> **Given information**:
=====
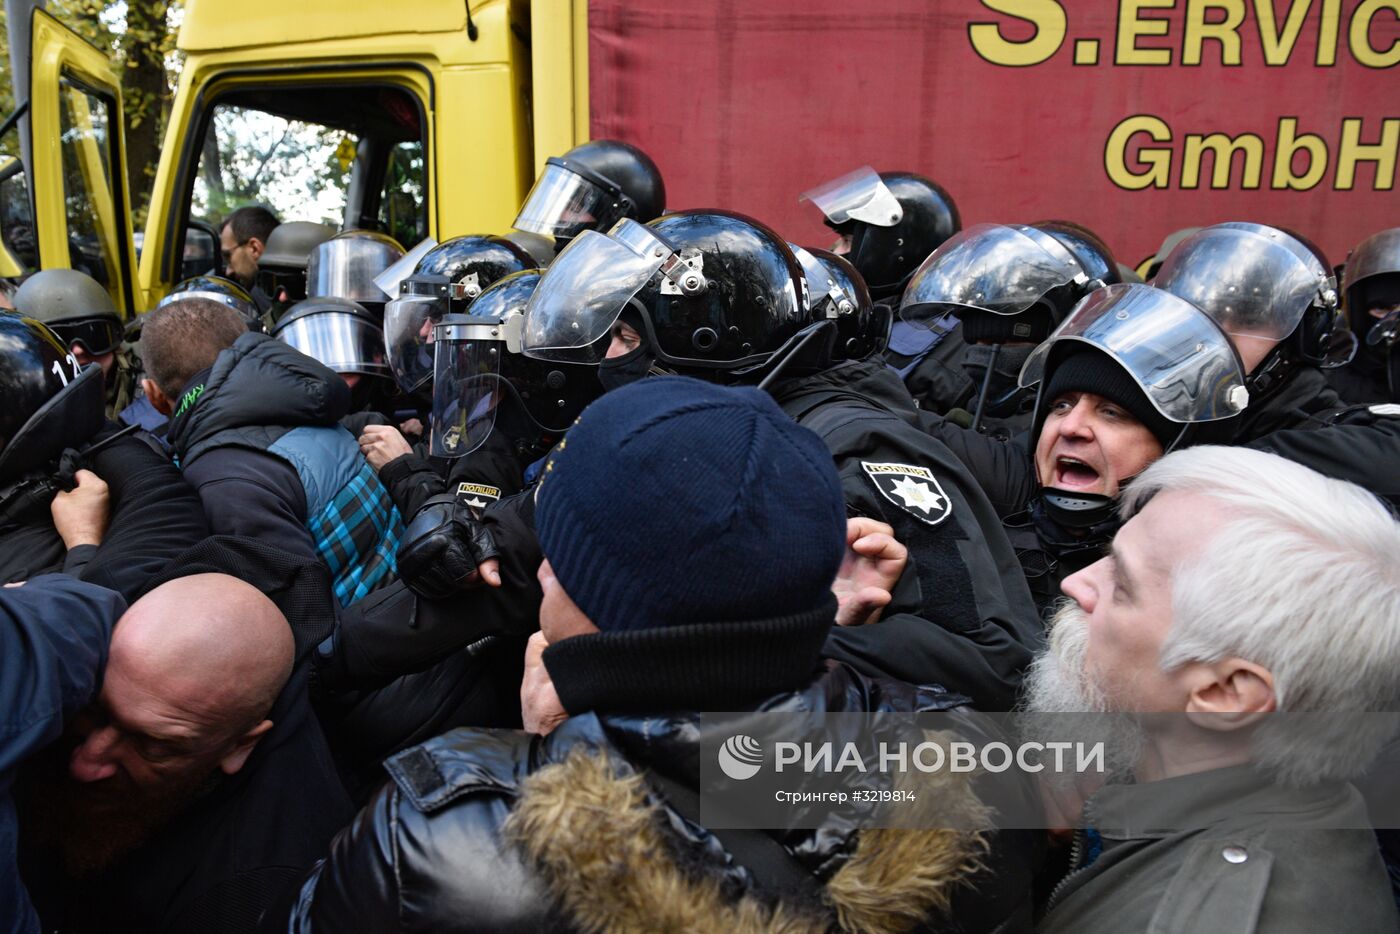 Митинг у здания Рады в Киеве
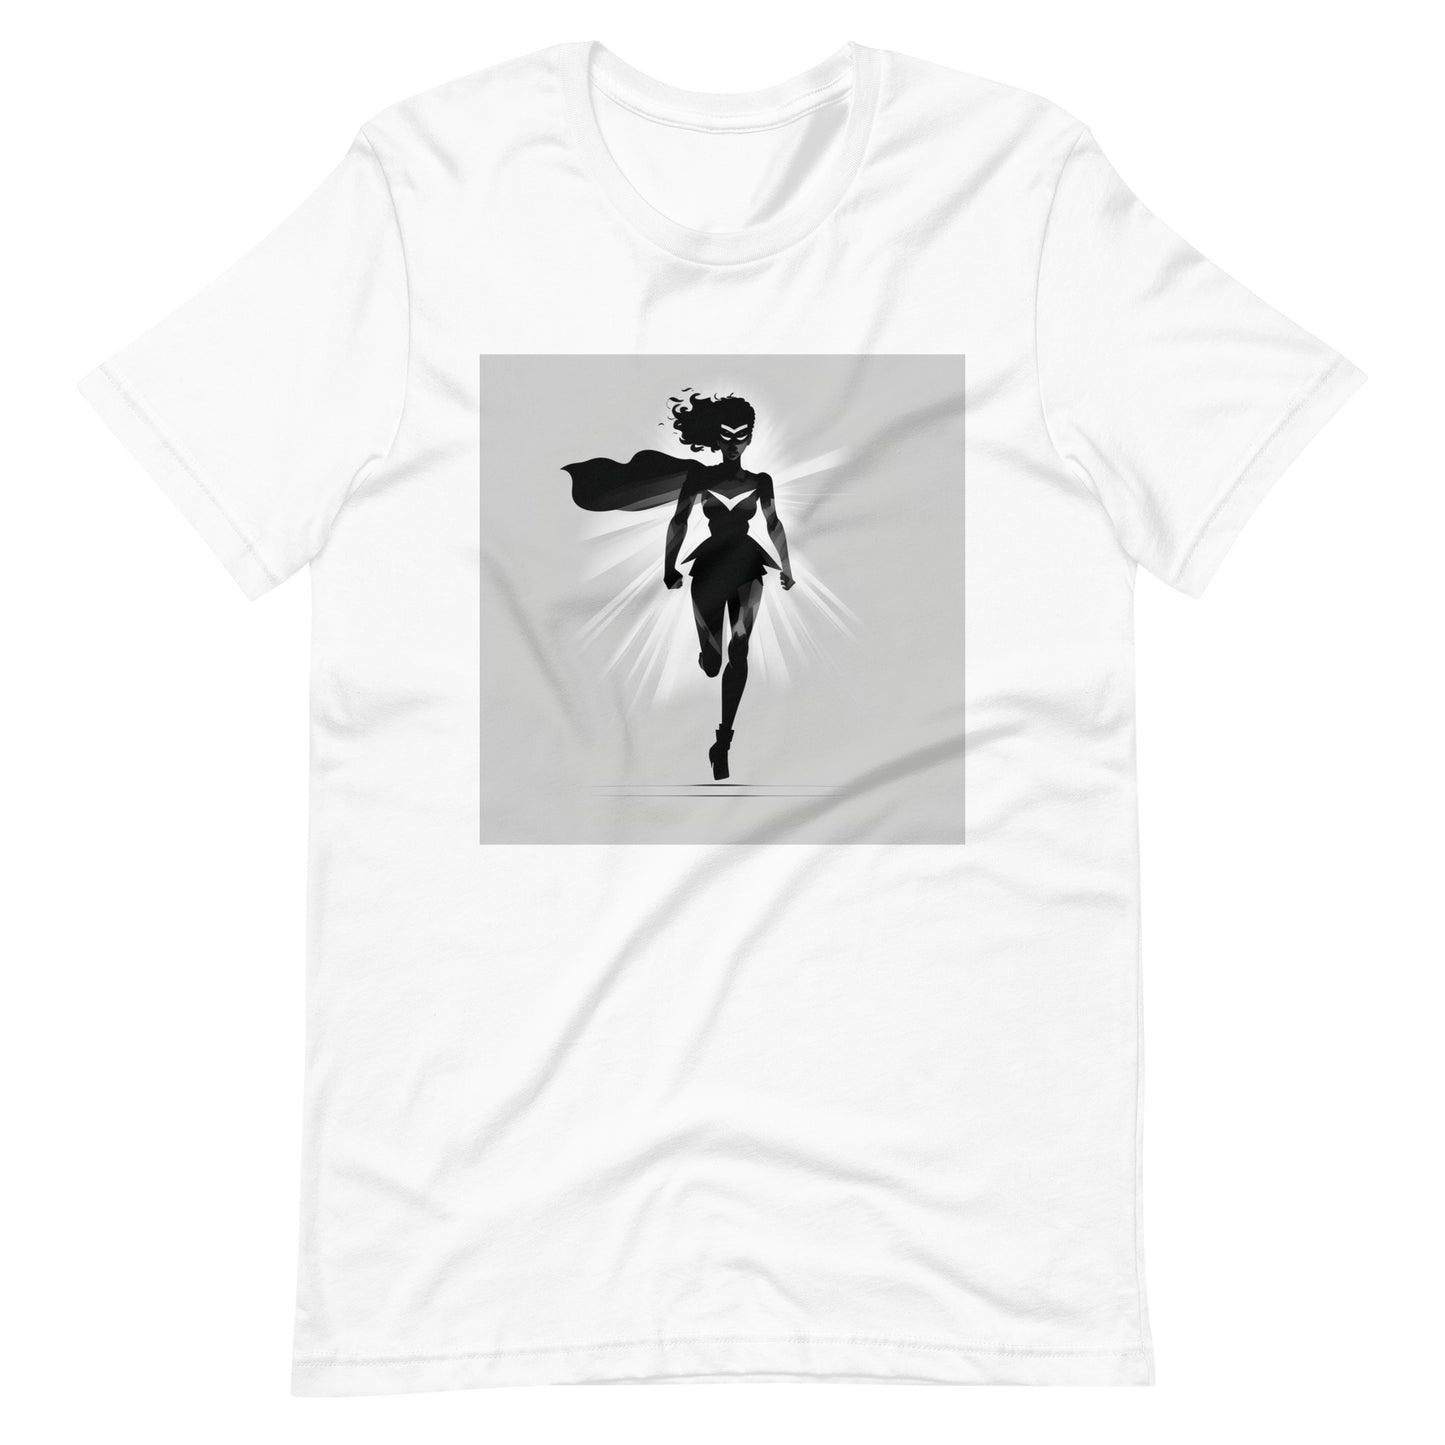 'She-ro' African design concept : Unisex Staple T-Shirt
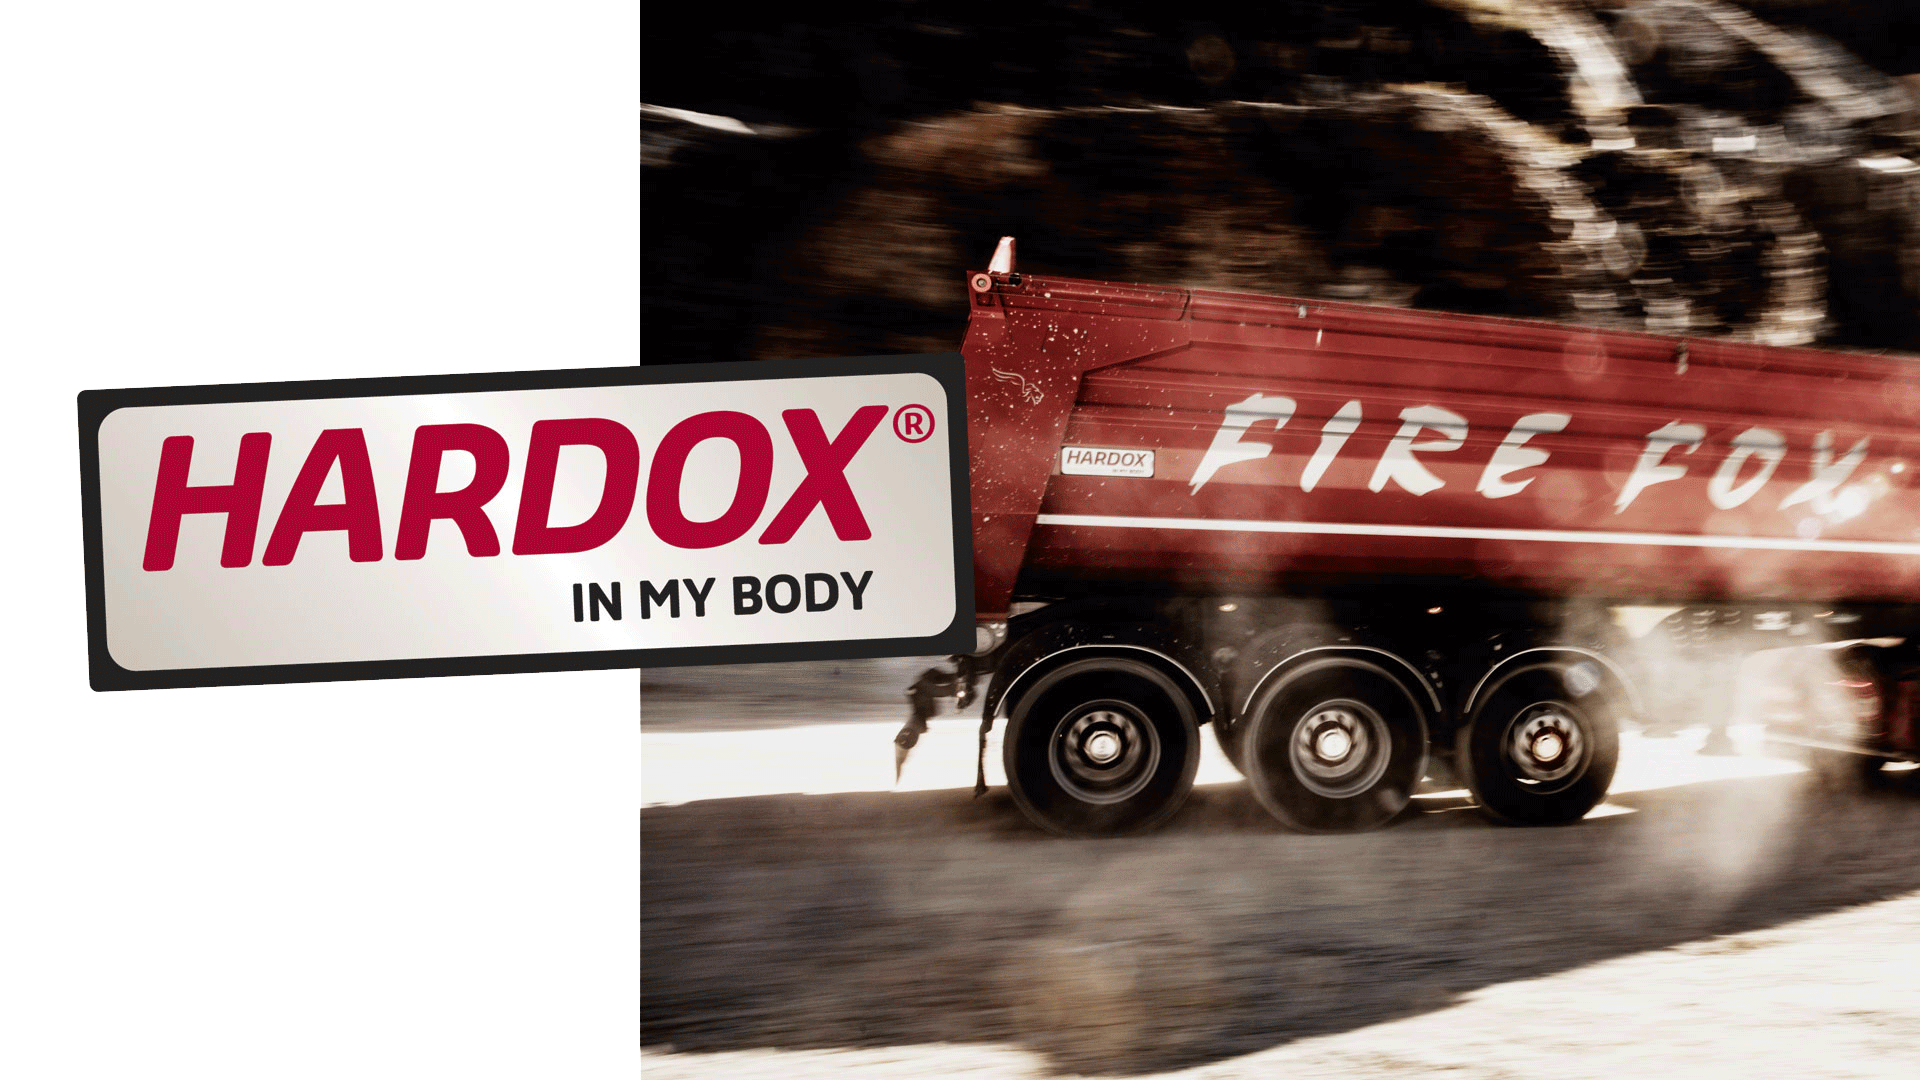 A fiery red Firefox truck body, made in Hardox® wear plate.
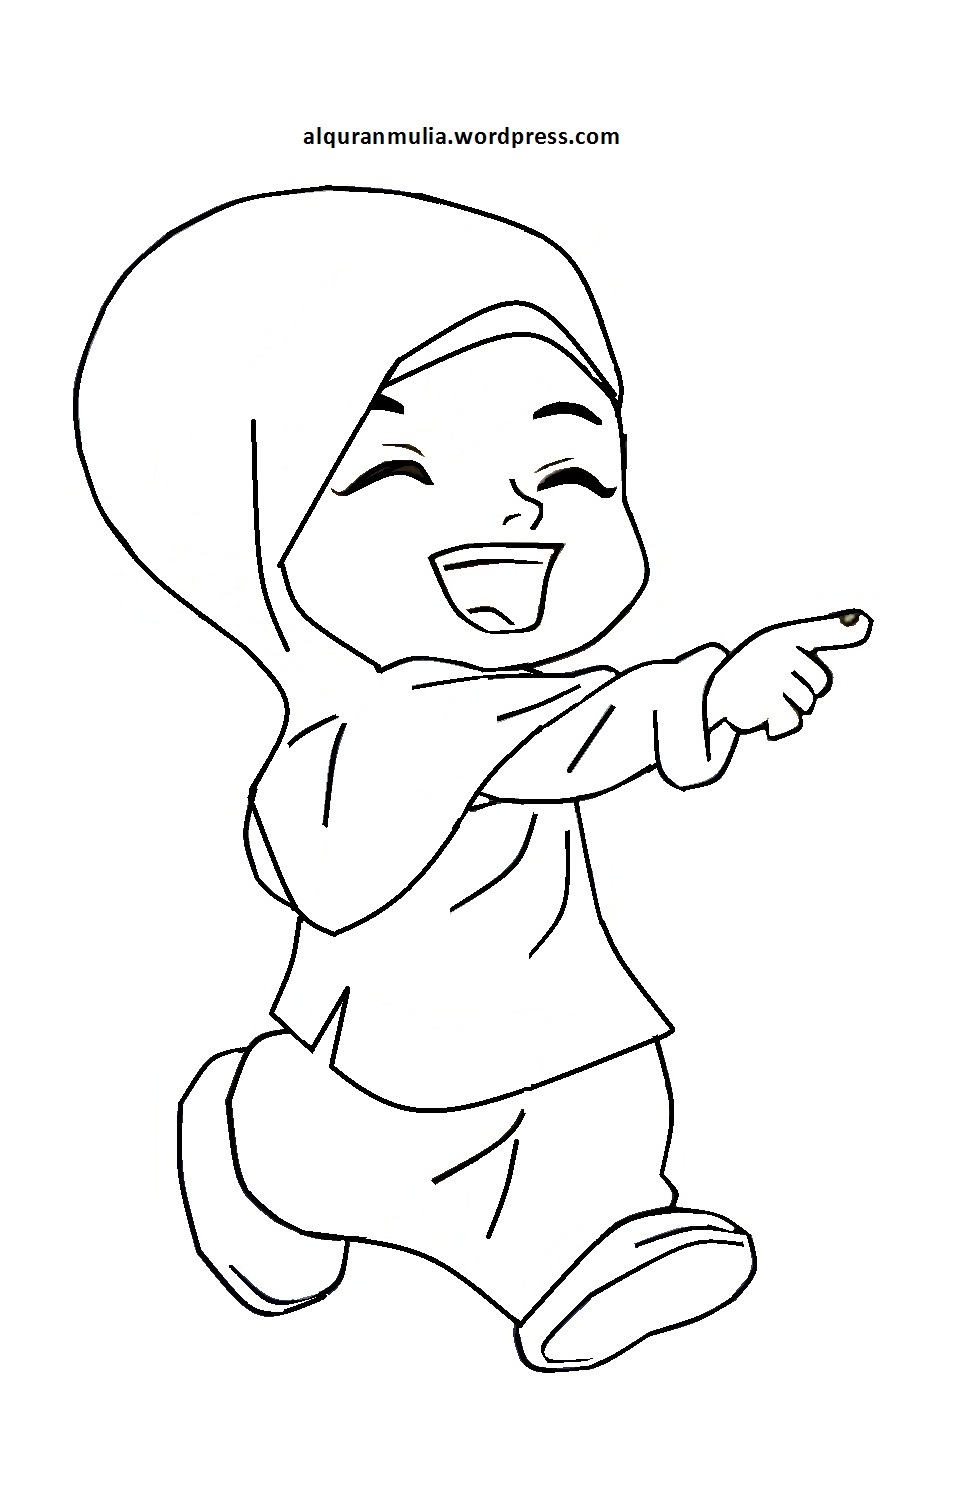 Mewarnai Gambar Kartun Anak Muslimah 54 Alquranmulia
=====
> **Problem**: The response has to be an exact copy of all the data, pictures excluded.

> **Problem solution**:
 Митинг у здания Рады в Киеве
 'She-ro' African design concept : Unisex Staple T-Shirt
 A fiery red Firefox truck body, made in Hardox® wear plate.
 Mewarnai Gambar Kartun Anak Muslimah 54 Alquranmulia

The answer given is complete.